◆ What is required
Without the pictures, set down everything in the listing exactly.

◆ Information shown

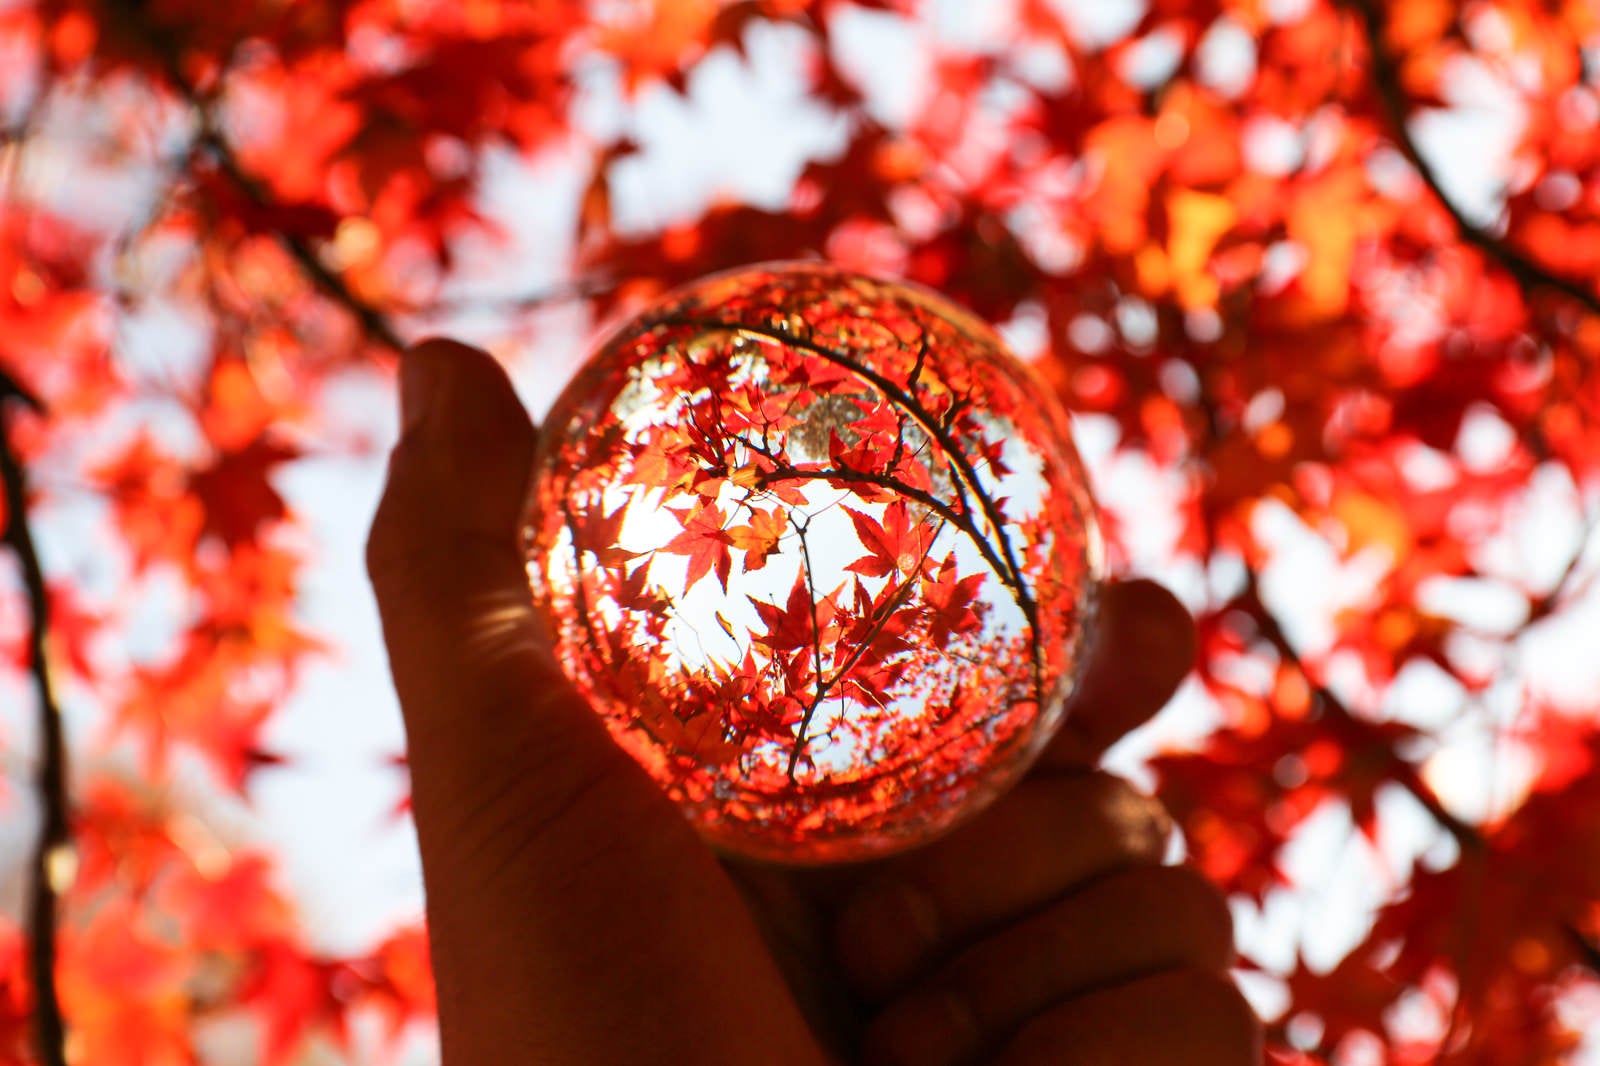 「水晶玉から覗き込む紅葉」の写真
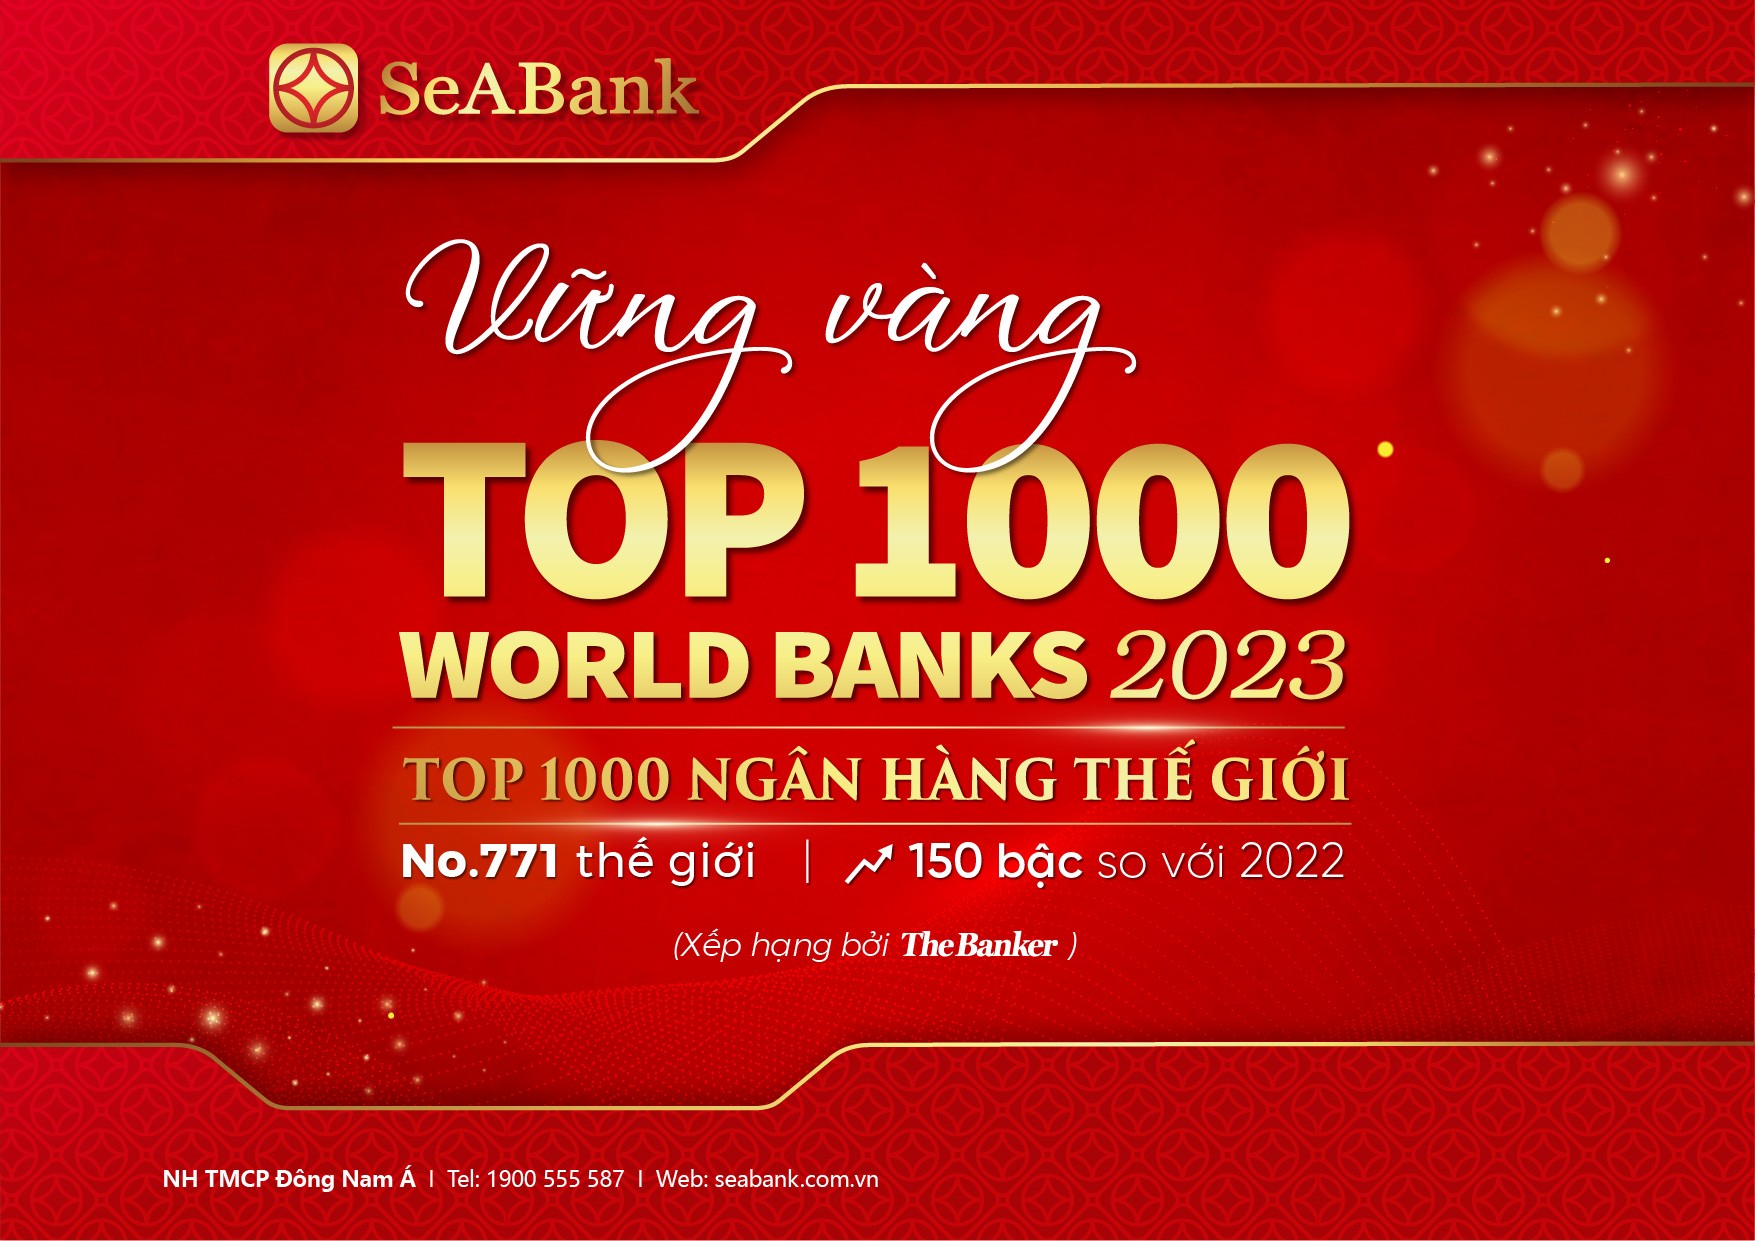 sb-top1000-worldbank-2023-10-02-a4-ngang-copy-2-1696846101.jpg
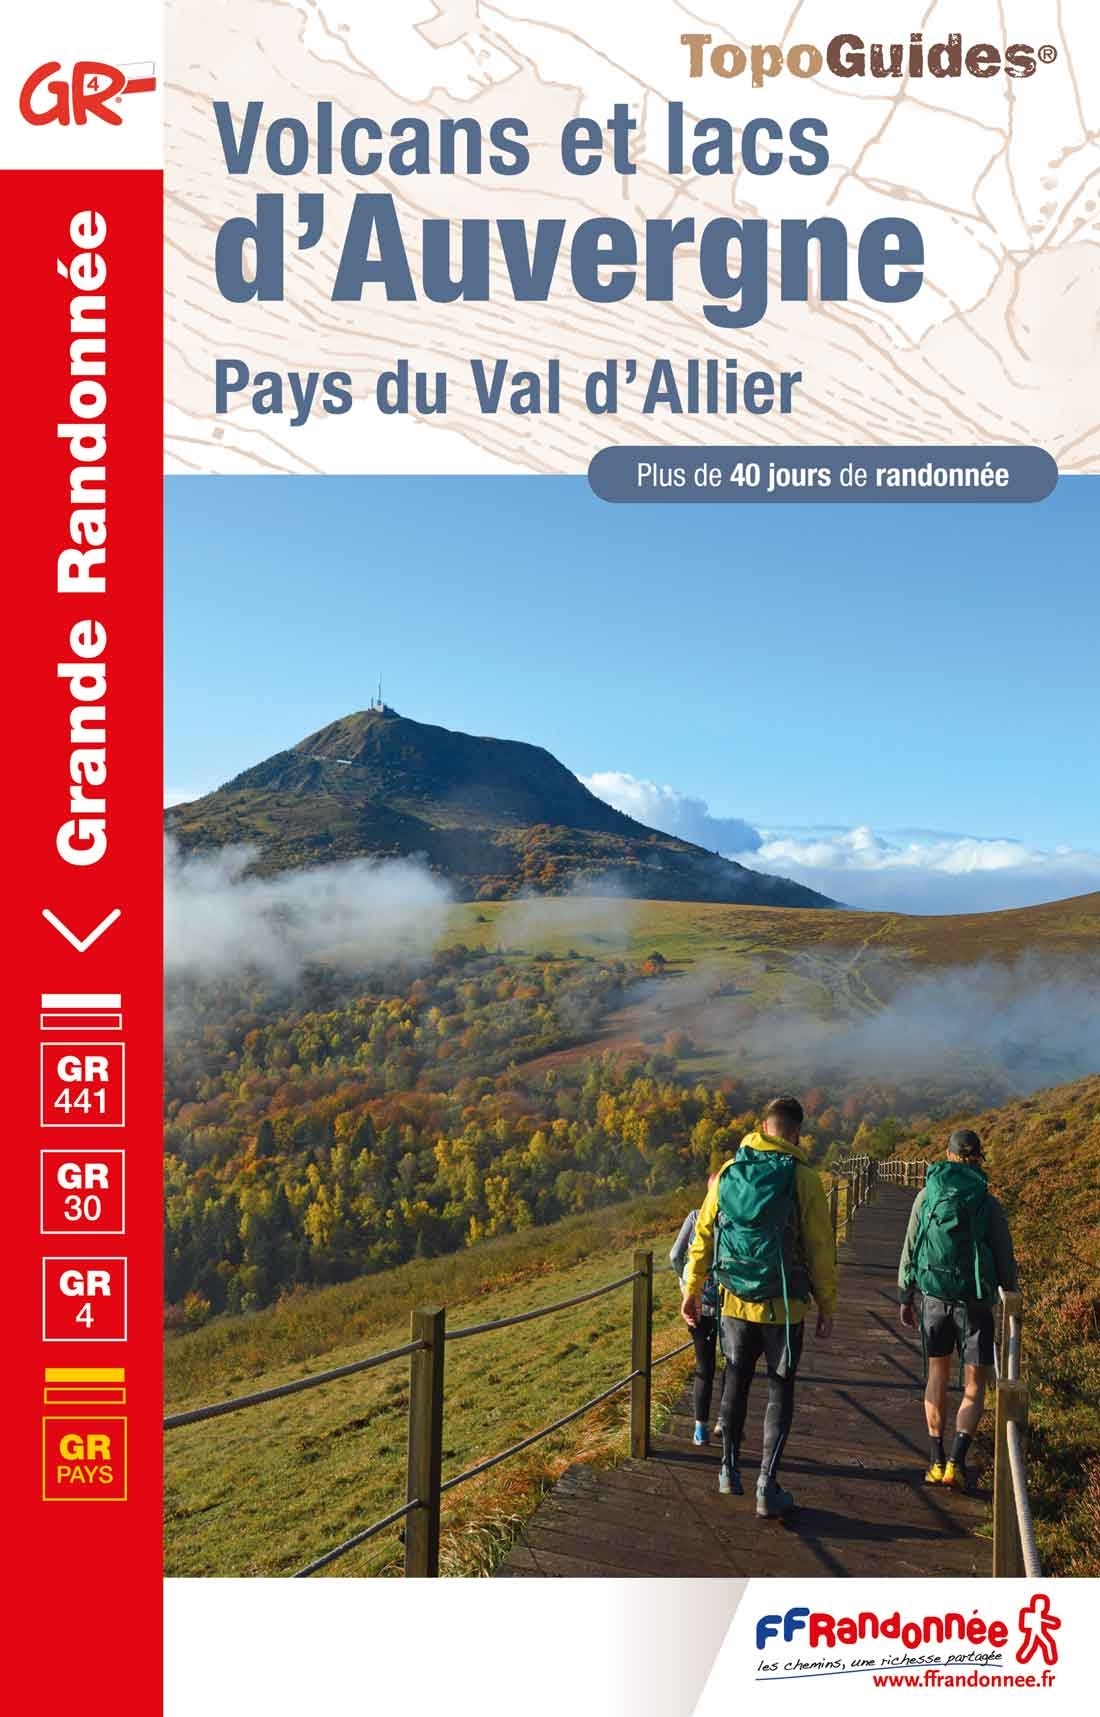 Topoguide FFRandonnée GR 4 - Volcans et lacs d'Auvergne

◆ Answer to this problem
 「水晶玉から覗き込む紅葉」の写真
 sb-top1000-worldbank-2023-10-02-a4-ngang-copy-2-1696846101.jpg
 Topoguide FFRandonnée GR 4 - Volcans et lacs d'Auvergne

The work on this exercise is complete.